----- Information supplied -----

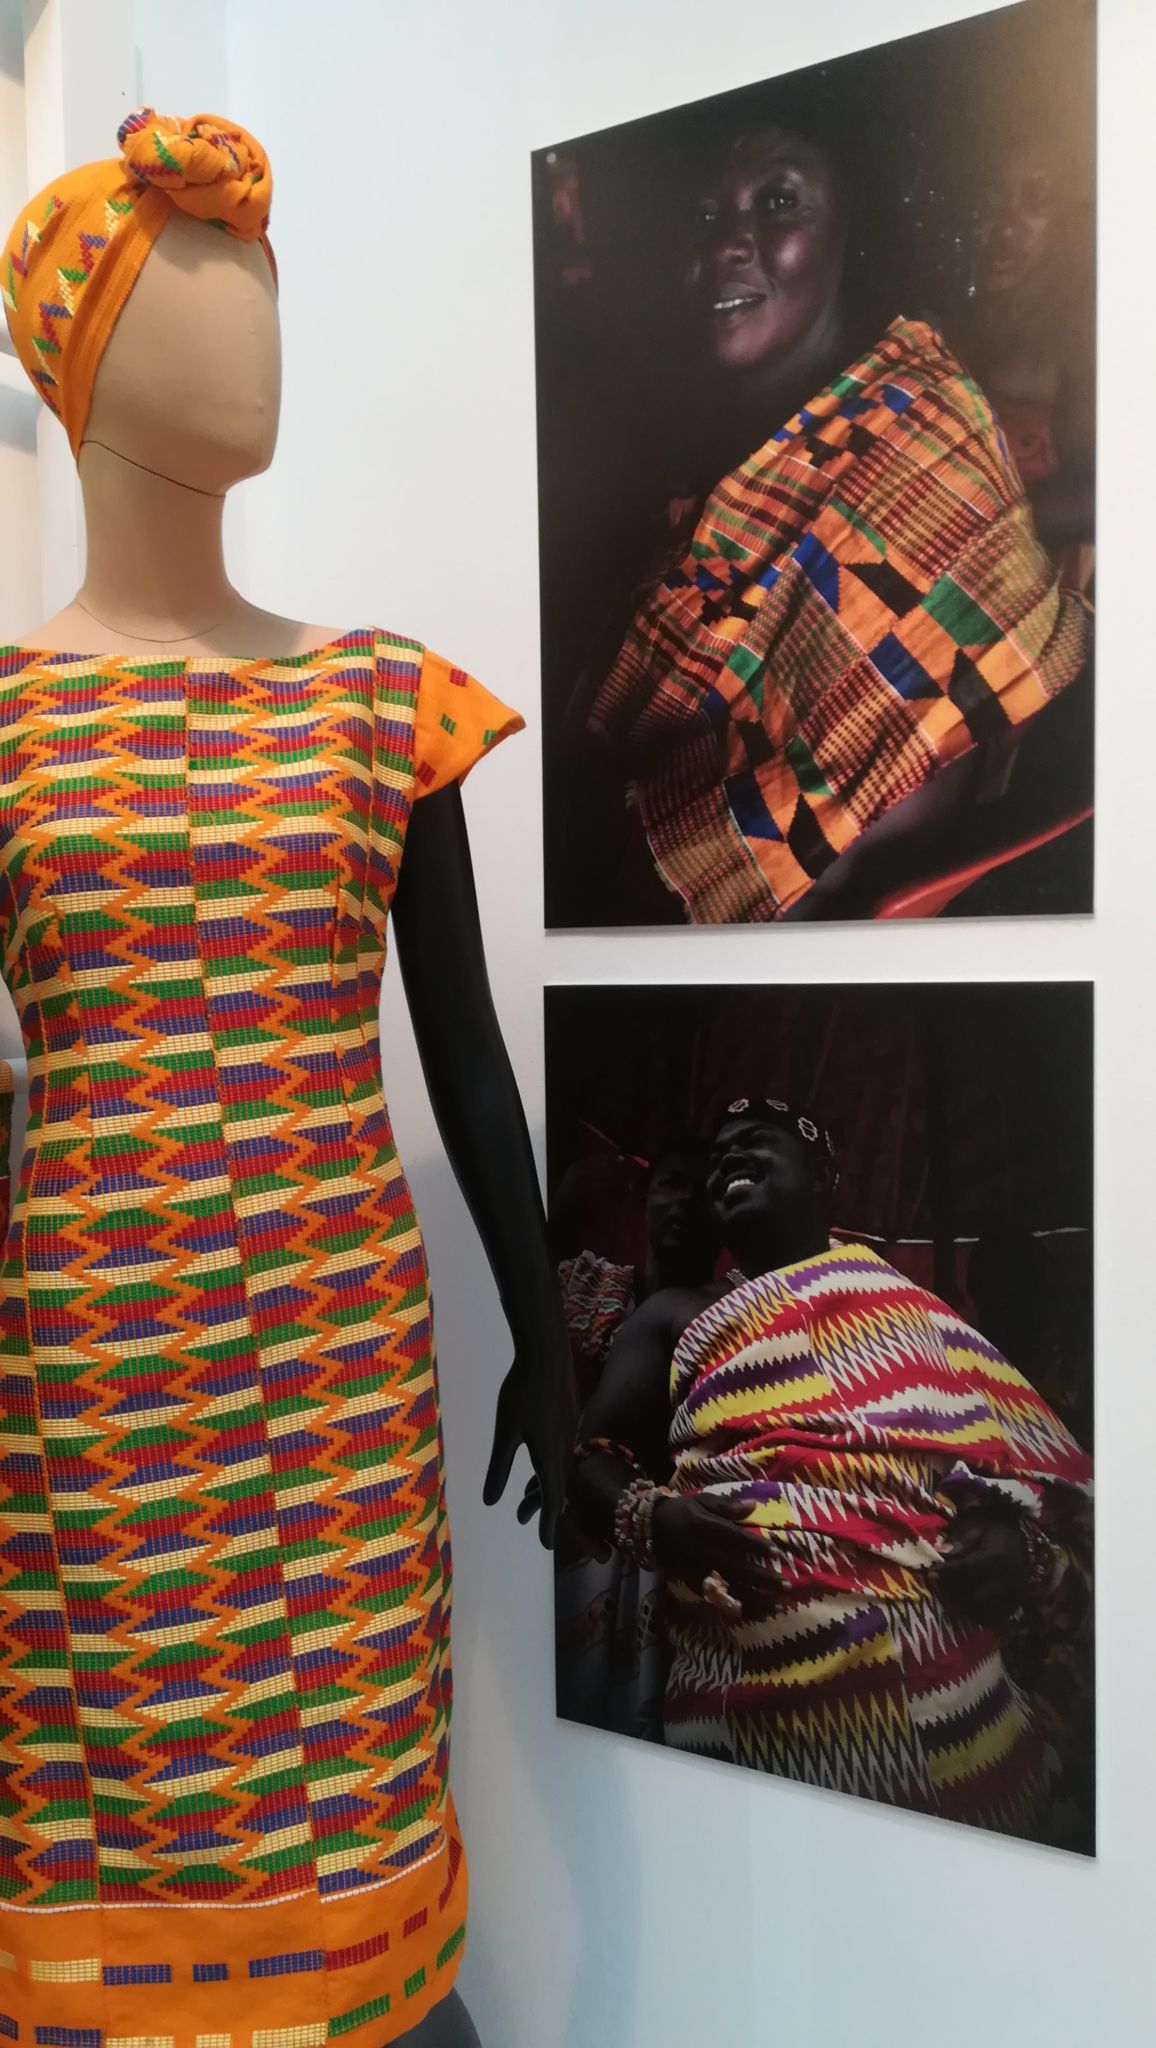 Fotografías de Kim Manresa expuesta en "El lenguaje de las telas” junto a los diseños de Maica de las Carreras.
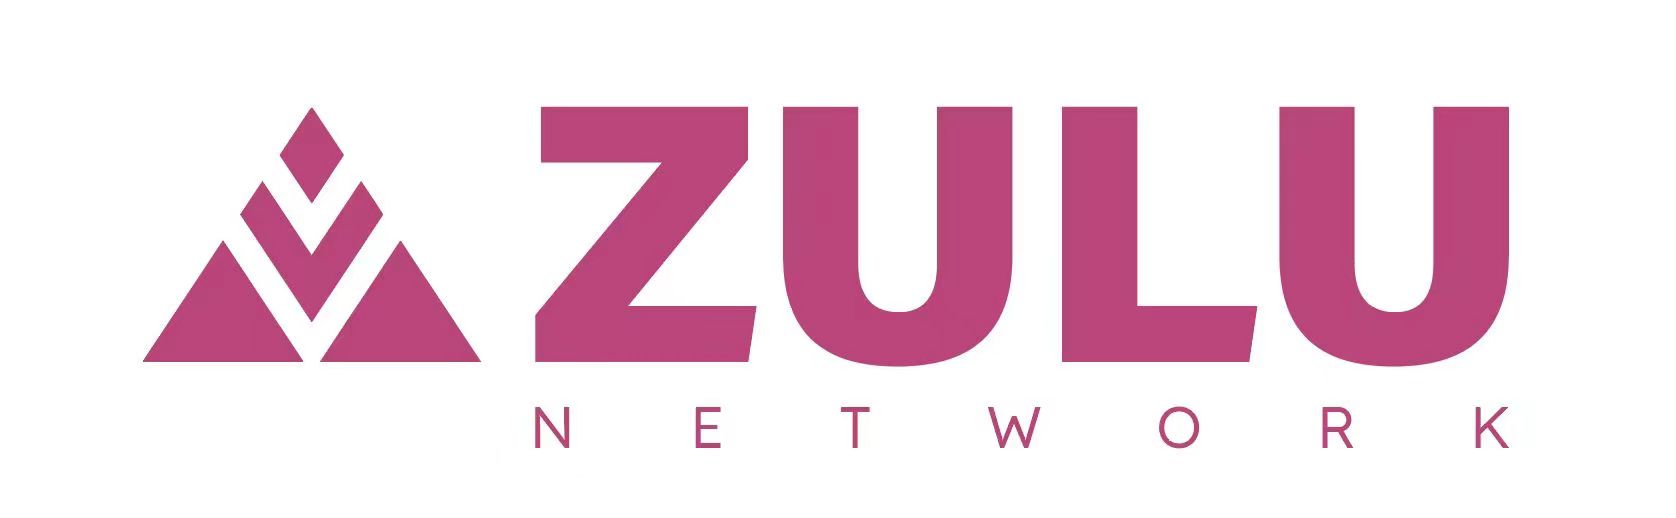 , Zulu Completes First ZKP Verify Test Implementation Written with Bitcoin Script
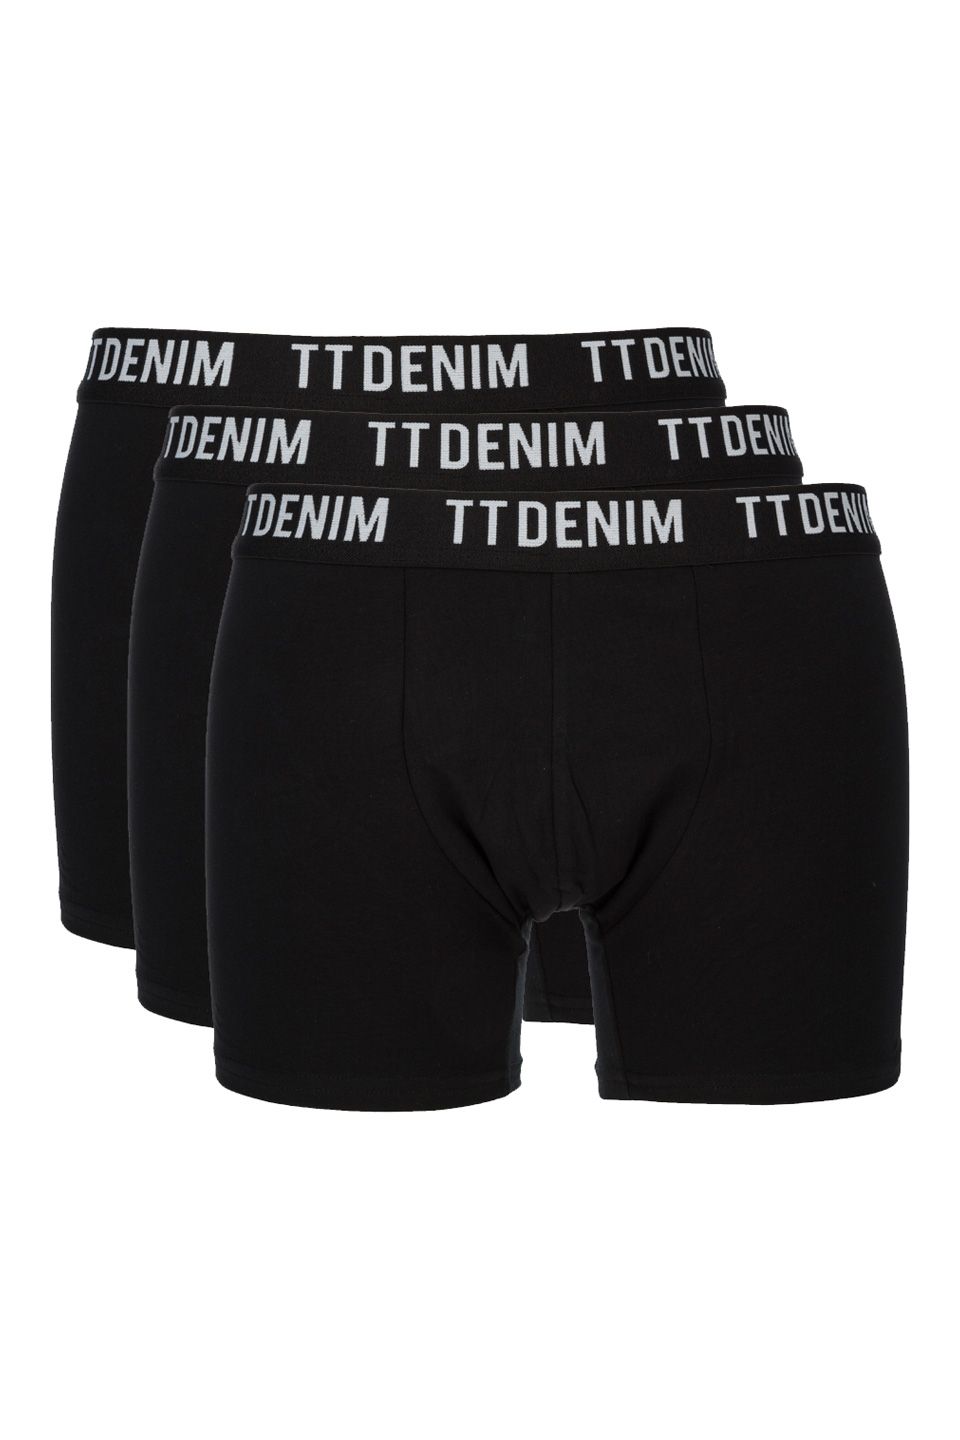 Комплект трусов мужских TOM TAILOR 1004002-29999 черных XL, купить в  Москве, цены в интернет-магазинах на Мегамаркет

-----

For this exercise, output only the lines from the one bearing "with Bitcoin Script" to the end of the material above, exactly as written, with pictures left out.

 , Zulu Completes First ZKP Verify Test Implementation Written with Bitcoin Script
 Комплект трусов мужских TOM TAILOR 1004002-29999 черных XL, купить в  Москве, цены в интернет-магазинах на Мегамаркет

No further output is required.